Automatic speech recognition (ASR) plays a crucial role in textual annotation. Initially, YouTube’s ASR was employed for speech-to-text conversion, but the study also tested OpenAI’s Whisper model, which demonstrated superior transcription accuracy. However, Whisper’s timestamping limitations necessitated manual refinements. By refining automatic annotation with human expertise, the research strikes a balance between efficiency and precision.
One further central aspect of the toolset developed is the automatic classification of gestural zones. Using machine learning algorithms and a set of manually defined rules, the research team has devised a system that segments and categorizes gestures based on predefined spatial parameters.

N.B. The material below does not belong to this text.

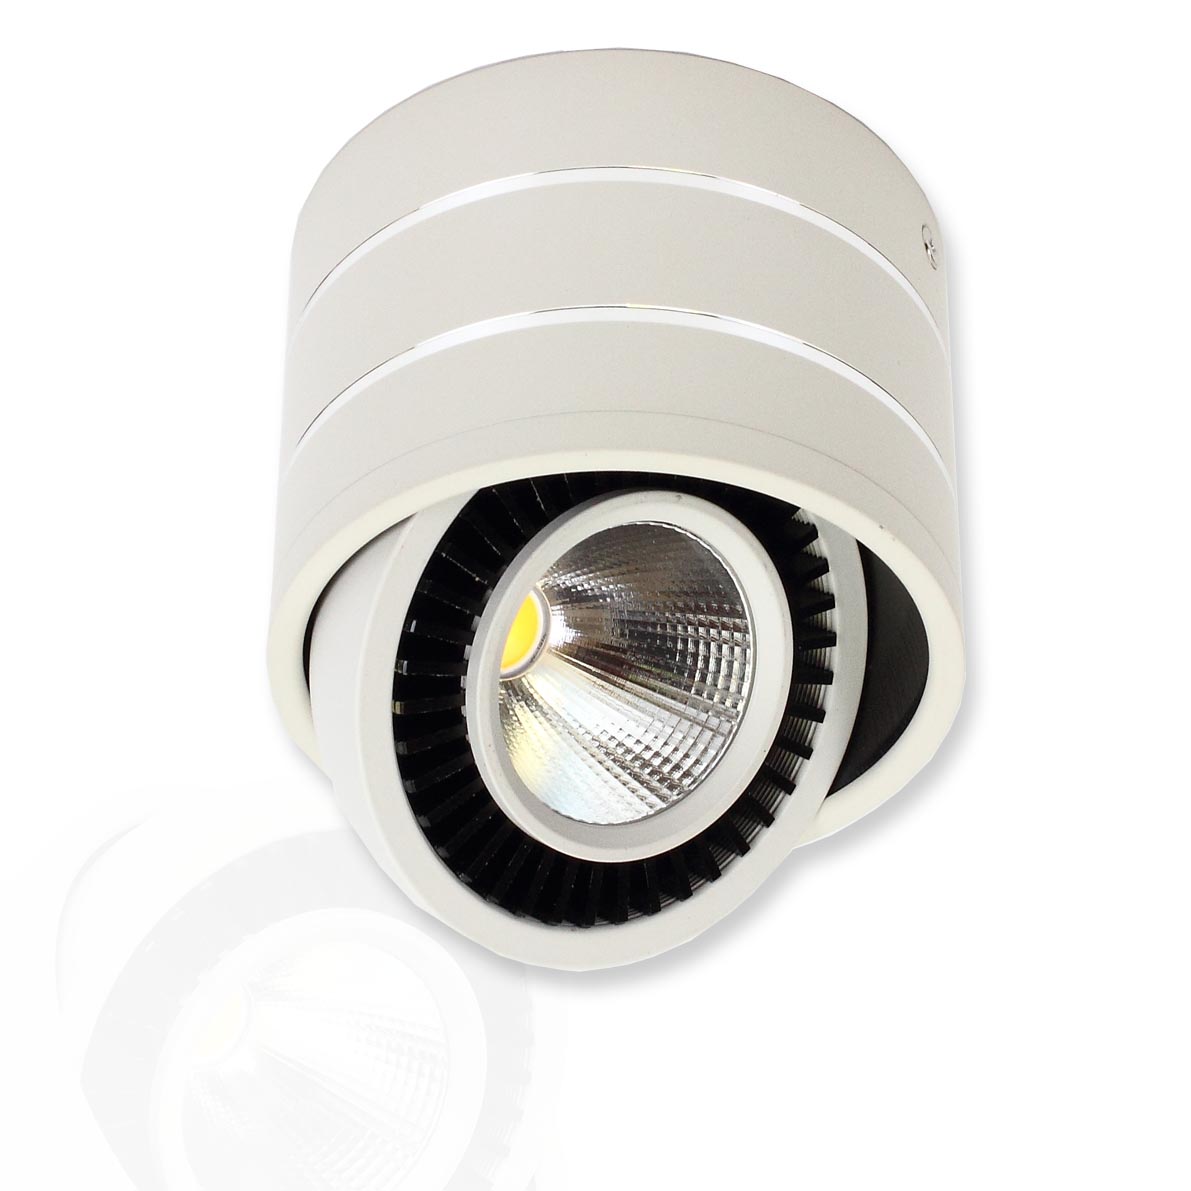 Светодиодные светильники Светодиодный светильник JH151-15W B793 (15W, warm white)

This enhances annotation reliability and scalability, paving the way for broader applications in multimodal research.
 

High-Performance Computing: Enabling Large-Scale Multimodal Processing
This research is only made possible through the computational power provided by NHR@FAU. Given the vast computational demands of processing video, audio, and textual data, HPC accelerates annotation workflows by distributing tasks across multiple processing nodes. It is particularly the video analysis with OpenPose that placed large computational demands on the Alex GPU cluster run by NHR@FAU for the analysis of many years of RT videos captured just before RT was blocked from YouTube.
HPC resources also support deep learning experiments aimed at refining multimodal recognition models. The ability to train and test AI models on powerful computing clusters ensures that annotation algorithms continue to improve, enhancing the robustness of automated multimodal analysis. 
 

By integrating cutting-edge AI with HPC support from NHR@FAU, this study represents a significant advancement in multimodal communication research. The collaboration between cognitive and computational linguists as well as machine learning specialists exemplifies the potential of interdisciplinary research to drive innovation. The combination of scalable computing resources both with machine learning and rule-based annotation shows great potential for efficient but accurate annotation of video data for the humanities.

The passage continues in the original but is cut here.